[Physics] How to indeterminacy in quantum mechanics be derived from lack of ability to observe a cause

determinismmeasurement-problemquantum mechanics

I don't get this part of quantum mechanics.

I get the part that you can't observe particles and not affect their behavior because you are shooting photons to them while you are observing them, but how can this show that while you are not observing them, they behave in indeterministically and that's a feature of nature.

Best Answer

The reason for this seeming leap is that the principles of logical positivism, which is the founding philosophy of Heisenberg, Bohr, and all physicists really. This states that if a question cannot be answered even in principle by some sort of experiment, then it is not a valid question, the question is just gibberish.

Consider the following question:

  • In a Hydrogen atom in its ground state, where is the electron in its orbit?

Superficially, it seems sensible, doesn't it?

But how would you formulate an experiment to determine the answer? Now it isn't so clear. Suppose you shine light on the electron to try to find out where it is, then you excite the atom, it is no longer in its ground state. Suppose you shine very low wavelength light, so as not to excite the atom. Then the light scatters off the atom as a whole, and is useless for answering the question.

If you try to use a hard X-ray to localize the electron precisely, you ionize the atom. So this question is impossible to answer by experiment, and now it doesn't look so sensible. It is a valid act of positivism to assert that this question is, in fact, meaningless. The electron does not have a position when the atom is in its ground state.

But lets say you ignore the positivism, and you suppose that the electron has a secret position which is varying in time, as Bohr often did. You might believe that the orbit is periodic, so that the Fourier transform of the orbit has integer multiples of a given frequency. The observed frequency of light emitted by a moving classical object is in integer multiples of the fundamental frequency, the inverse orbital period. So you expect that the light emitted by the atom to come in multiples of the orbital period.

But the atomic transitions have frequencies which are not integer multiples of anything. So they cannot be the description of a classical periodic trajectory. But they correspond to these periodic trajectories when the quantum number is large, when the electron is orbiting far away from the proton. This much was understood by Bohr.

But for Pauli and Heisenberg, who were more radically positivist (at first, Bohr was the most positivist of all later in life), the difficulty of finding an effective procedure led them to renounce the question entirely. They rejected the idea that the electron had a position to be determined. Heisenberg then developed a detailed mathematical theory of the transitions between different atomic levels, and this theory was able to answer questions of the form "if I shine light on the atom in the ground state, what spectral intensities come out?" But this theory could not answer the question "where is the electron", because it did not have an electron position variable which made a sharp classical orbit.

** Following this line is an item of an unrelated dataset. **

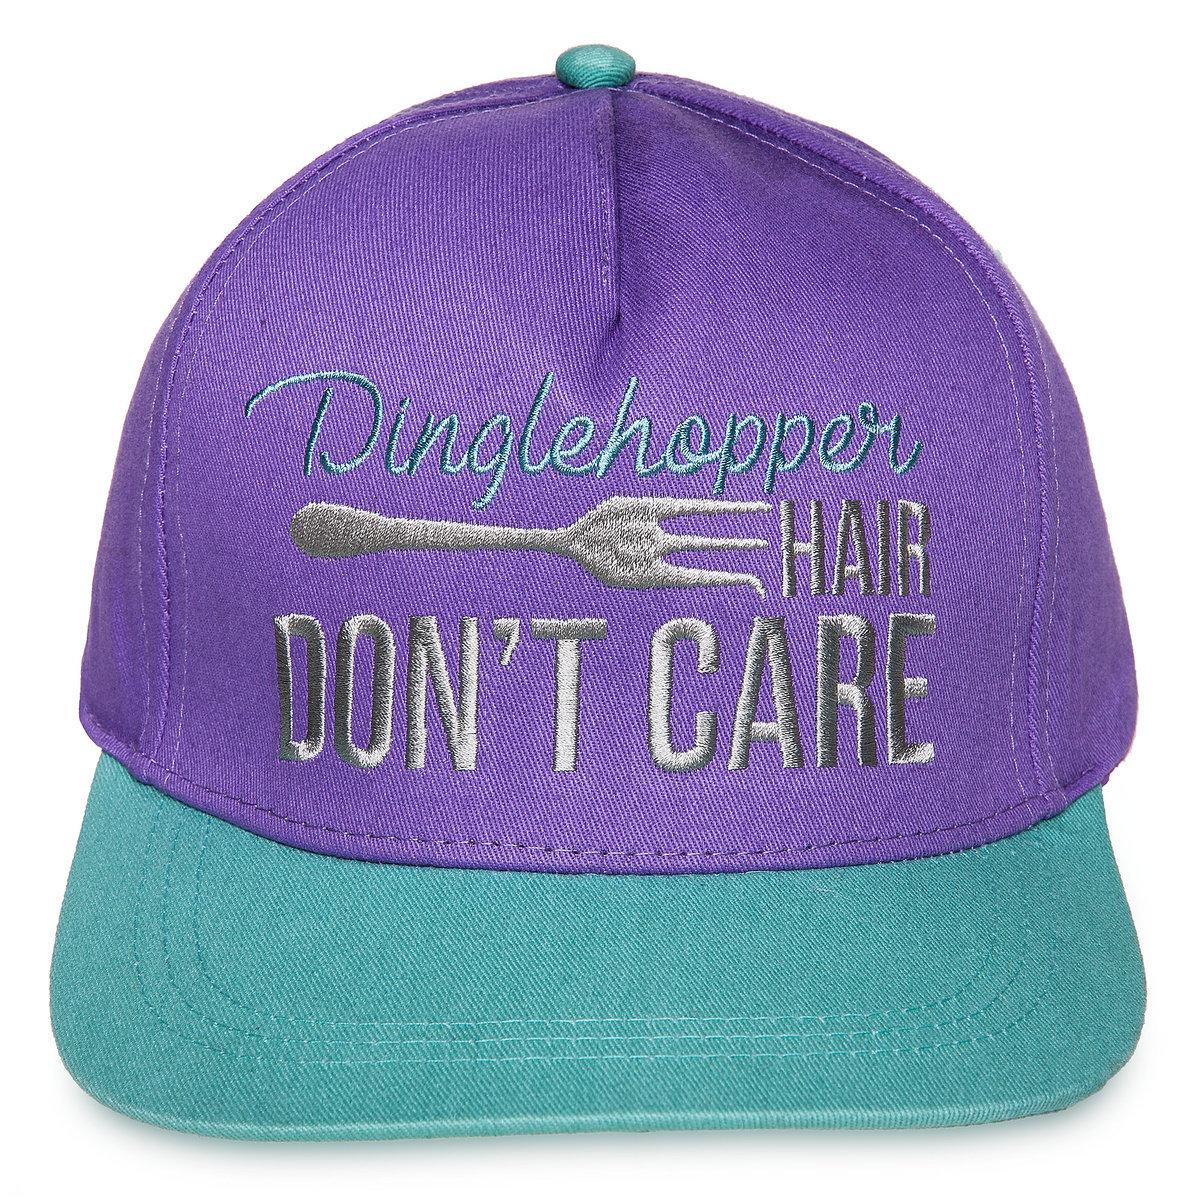 Disney Baseball Cap - Dinglehopper Hair Don t Care - Little Mermaid 991cc173597

The modern perspective is just an elaboration of this position. the wavefunction describes the probability of a position measurement experiment to find a given answer, or the probability of getting the answer to an energy measurement. It does not represent the position of an electron, or any other classical quantity.

The reason people believe that there are no fundamental classical quantities evolving deterministically is because of the logical positivist position that they couldn't define them operationally. Logical positivism fell out of favor in the 1970s, for stupid reasons, so it is no longer a prominent position defended in humanistic intellectual circles. This is very sad for most physicists, who are just as positivist as ever, especially considering string theory, holography, and the positivist resolution of the information loss puzzle.